Closed metcalf closed 8 years ago
Having gone and written this, I now think the right approach would be to have a single "command" goroutine managing the booting/killing of all child processes. Separate SlaveNode goroutines would exist only to wait on sockets and publish messages onto a channel for the command goroutine. Given that this diff seems to solve and immediate problem we're having, I'm still inclined to land it and save the larger refactor for another day (month?).
r? @ptarjan
The meat is in 3ad3817. The last two commits (7d7504b and b9afd75) are somewhat optional, tell me if you think they should stay in.
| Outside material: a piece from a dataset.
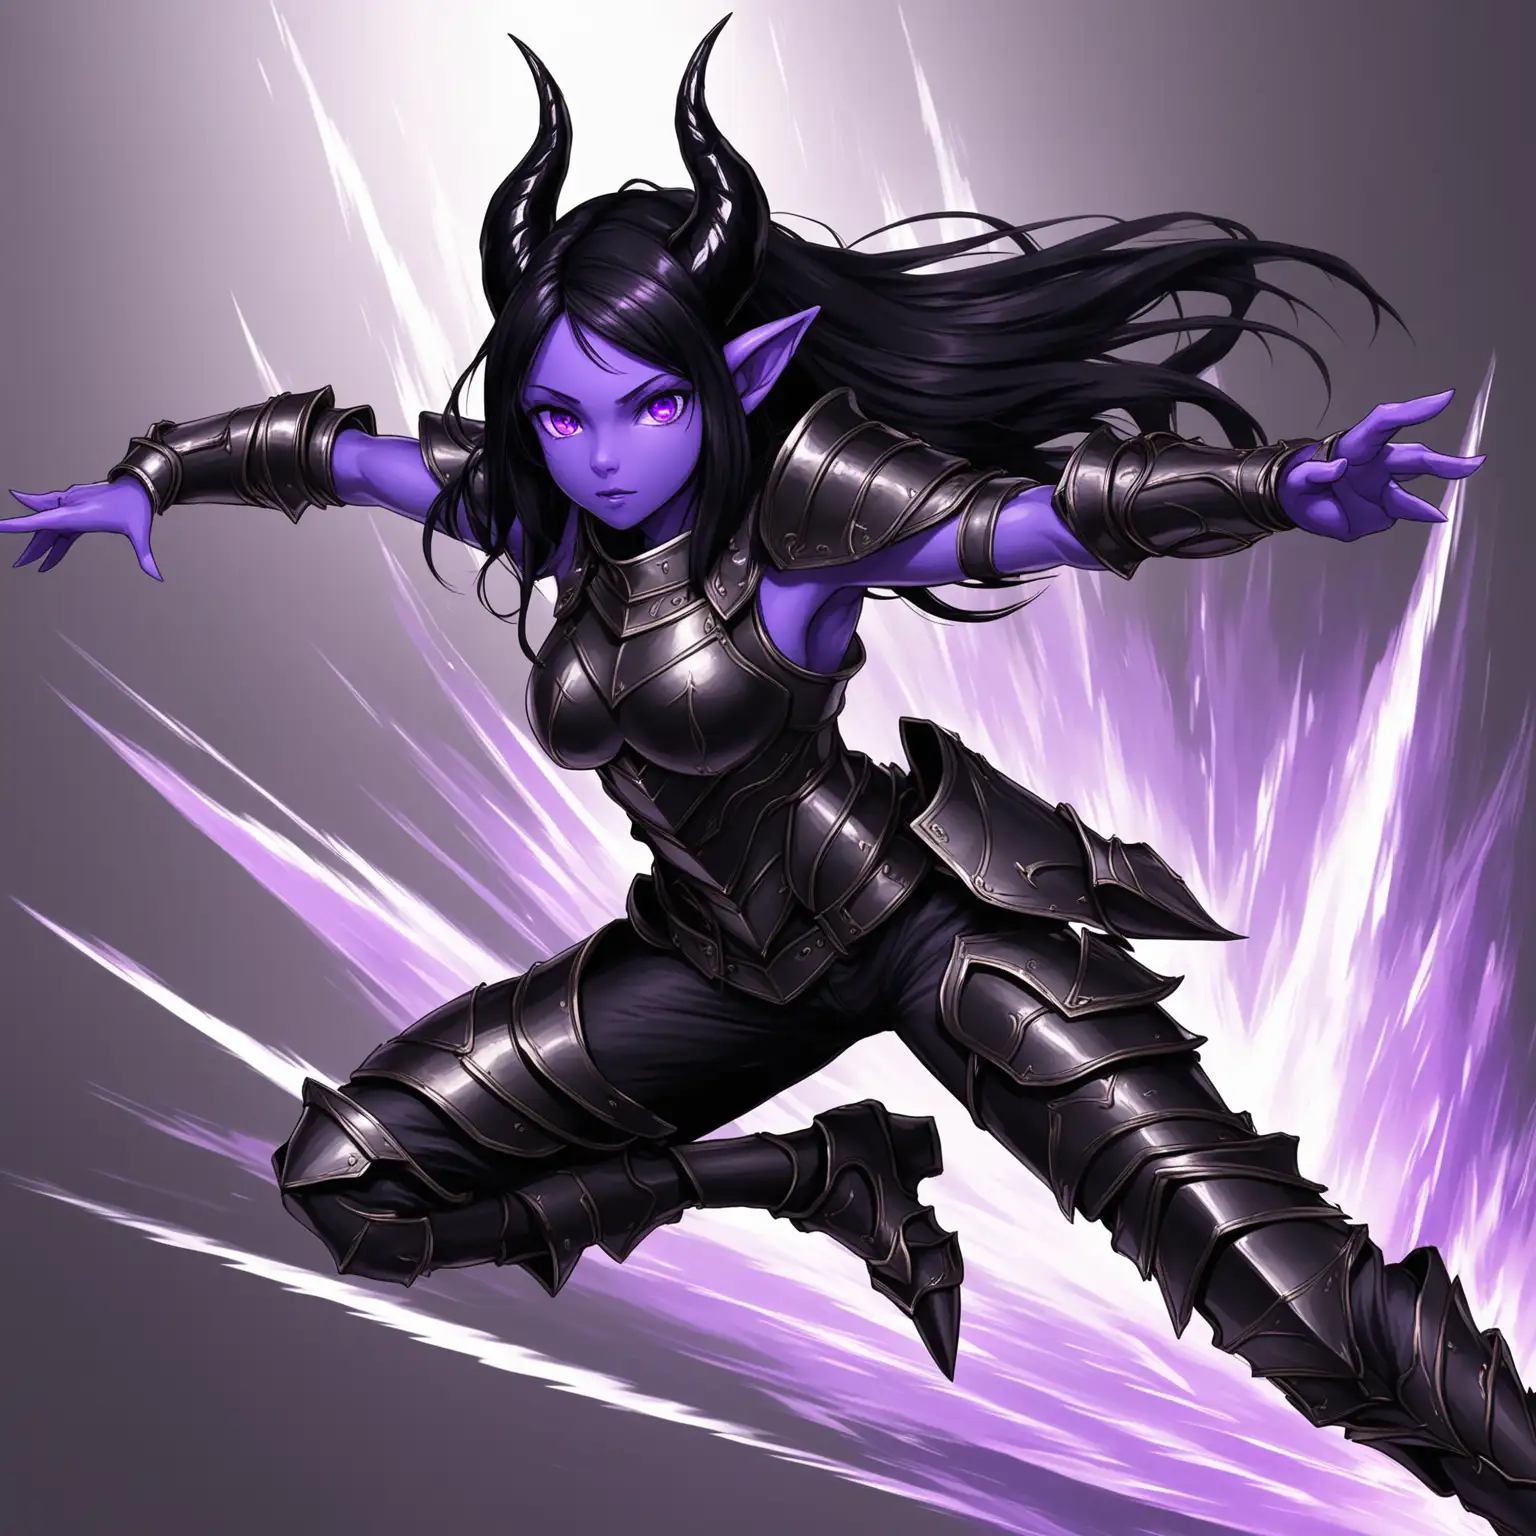 Adventurous PurpleSkinned Girl with Horns in Dynamic Pose

lgtm Yes, you should keep the optional parts, they make it better.
After testing this for about a week with a few developers at Stripe, this appears to be much more stable. I'm going to land this, cut an internal release and distribute to the whole company. I'll follow shortly with a public release when we resolve https://github.com/burke/zeus/issues/570.
We've experienced frequent problems with Zeus nodes getting hung in an Unbooted state. I believe I traced it to a race condition that occurs when a parent reboots while a child is locked booting a command. Before tracking that down, I noticed that there was a decent bit of simplification that could be applied to the state machine that should result in better behavior overall and get rid of this particular bug. See individual commit messages for more details.
Given the subtlety of the concurrent operations here, I intend to roll this out to a handful of developers this week and get them to smoke test it before merging anything.